AIM OF THE TASK:
Give the lines again exactly as they appear below, from the line with "Accidents and Disasters" to the line with "Oracle 企业管理器详解。", both included, and only those lines. Leave every picture out.

GIVEN RECORDS:
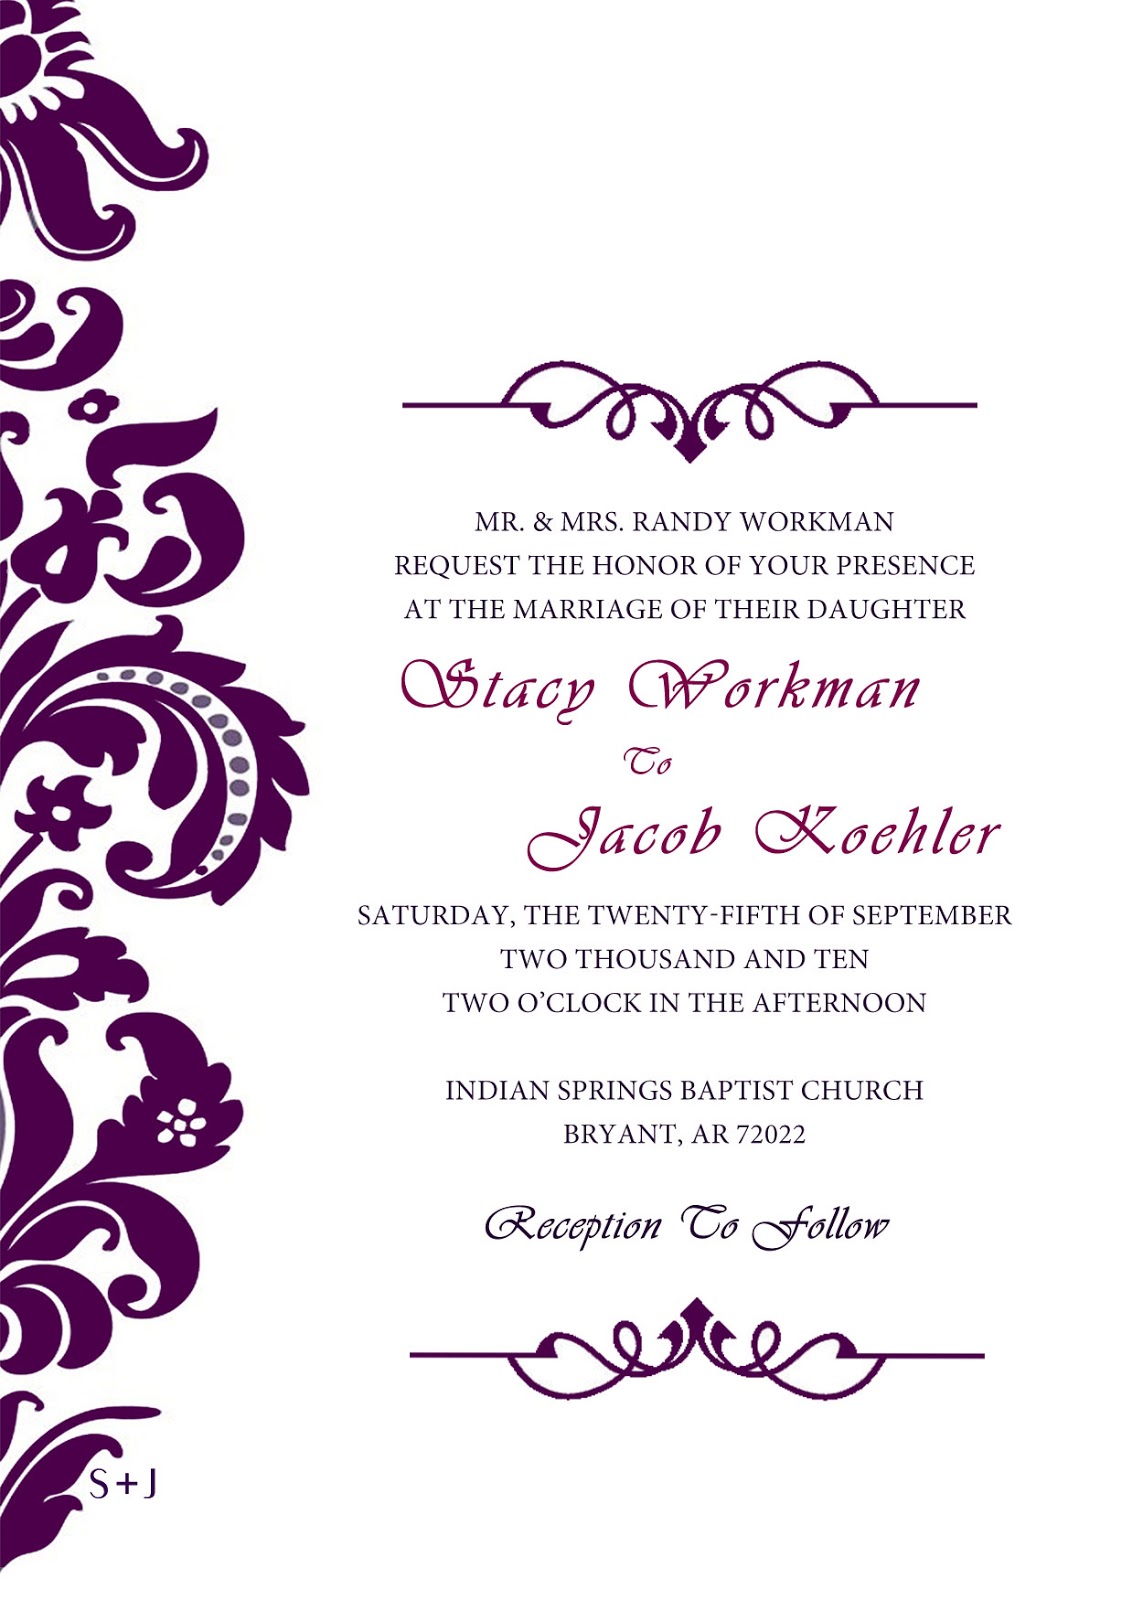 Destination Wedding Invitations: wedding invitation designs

...

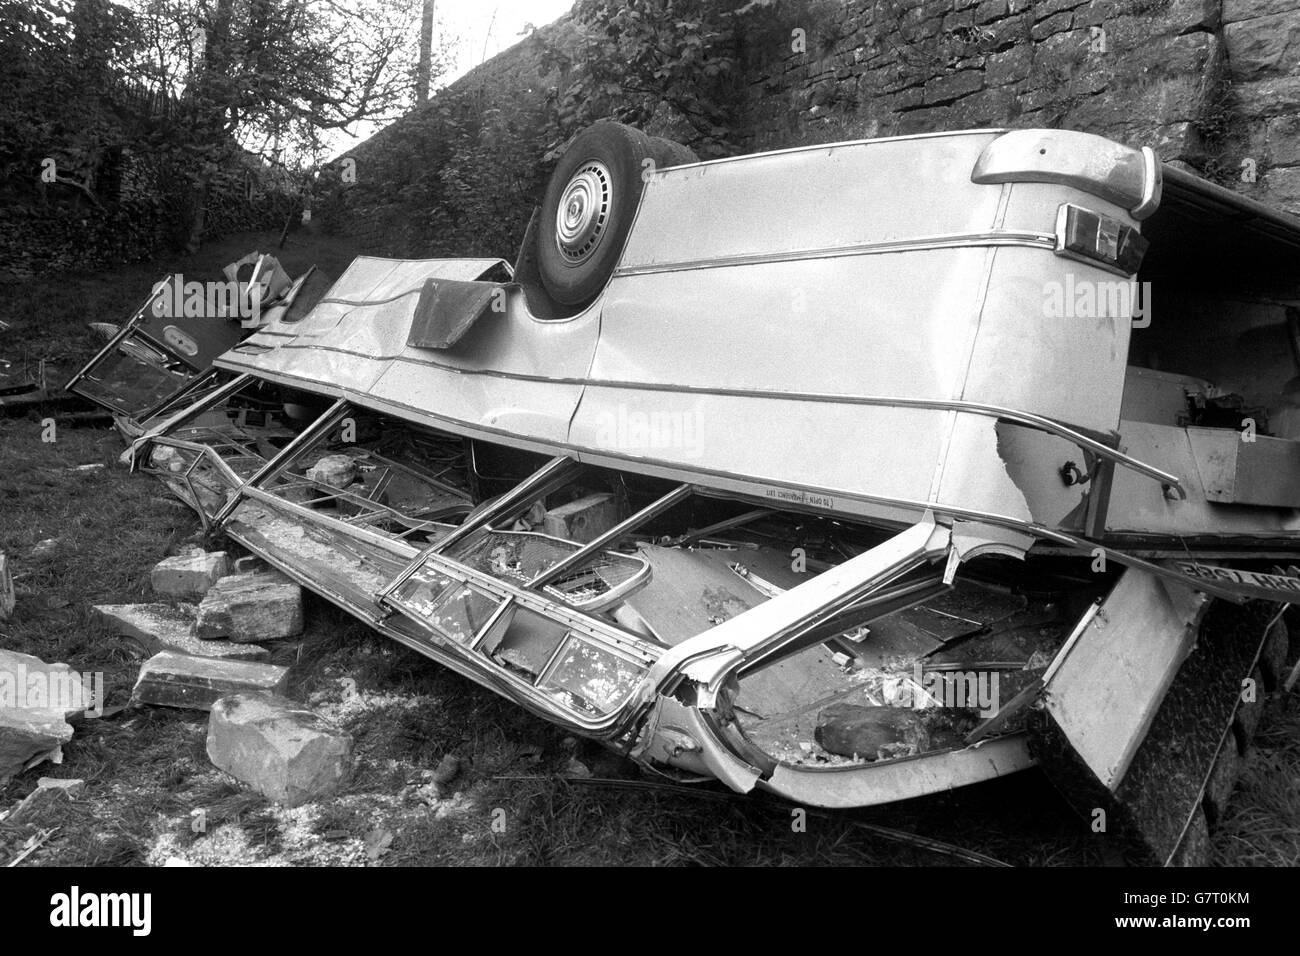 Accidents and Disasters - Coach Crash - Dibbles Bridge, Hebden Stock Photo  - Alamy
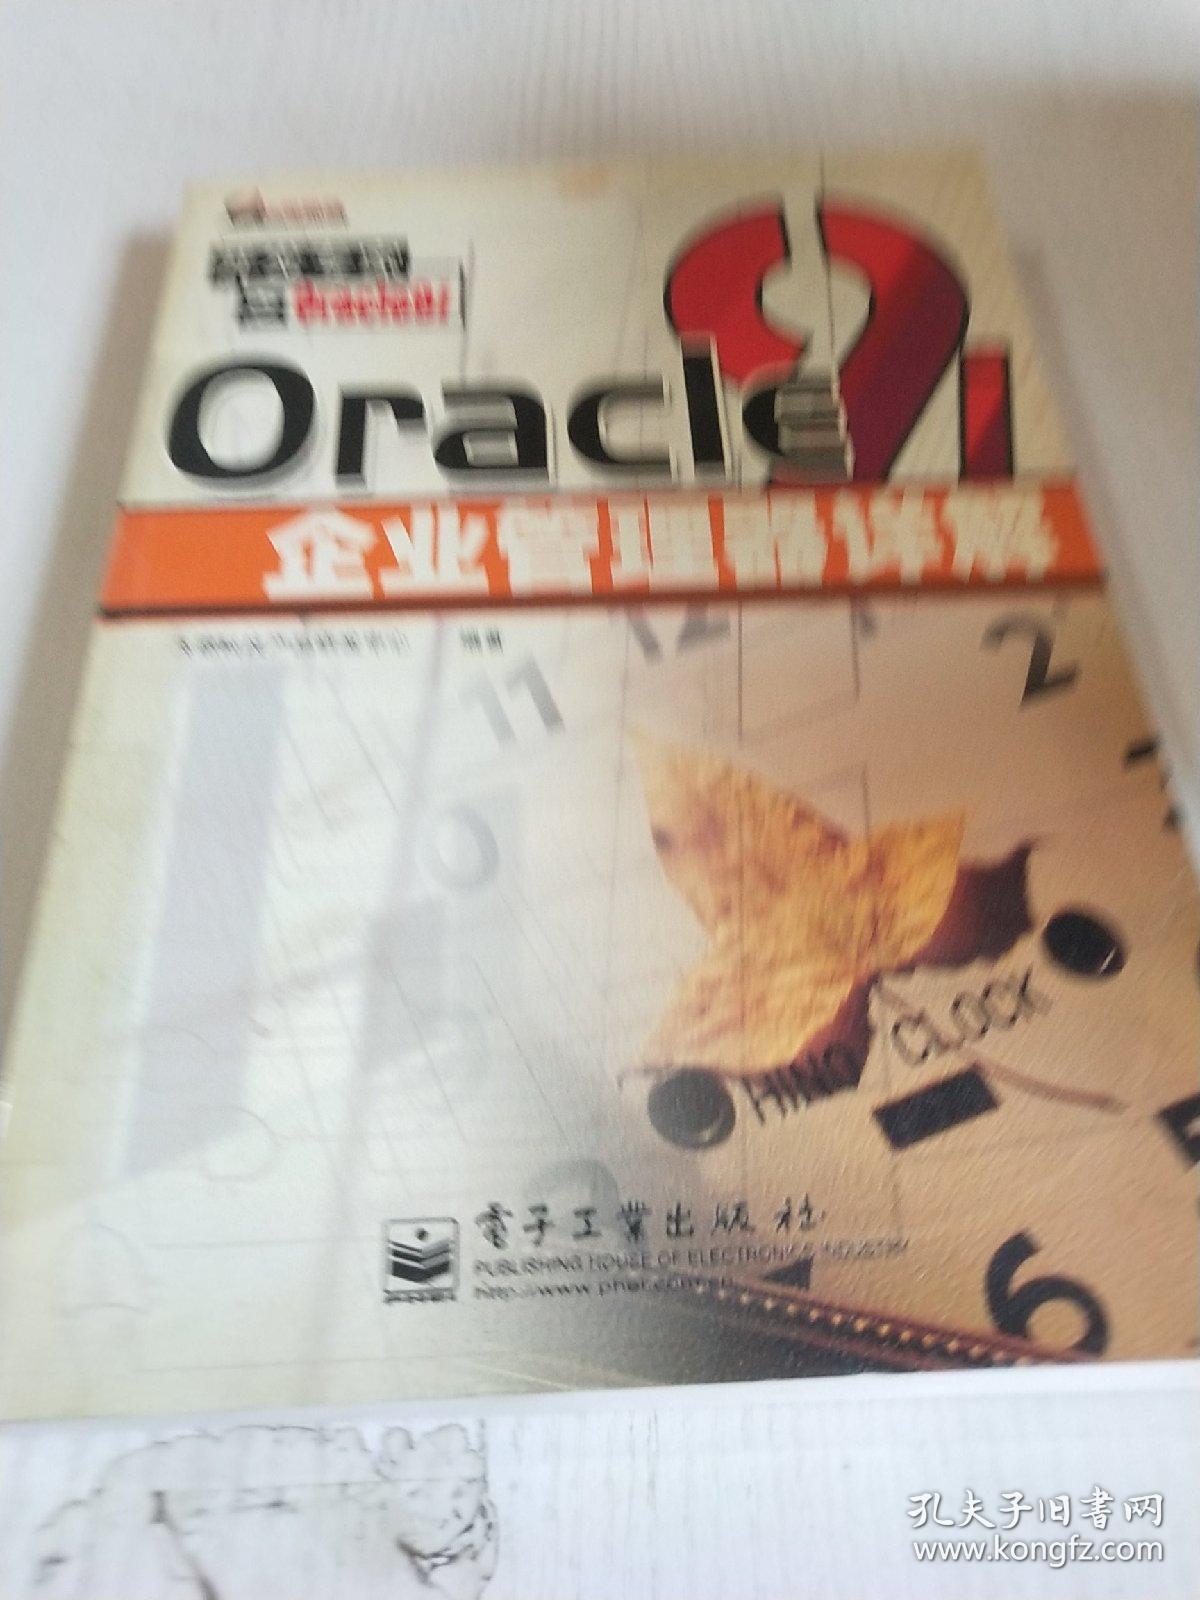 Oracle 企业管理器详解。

RESPONSE TO THE TASK:
 Accidents and Disasters - Coach Crash - Dibbles Bridge, Hebden Stock Photo  - Alamy
 Oracle 企业管理器详解。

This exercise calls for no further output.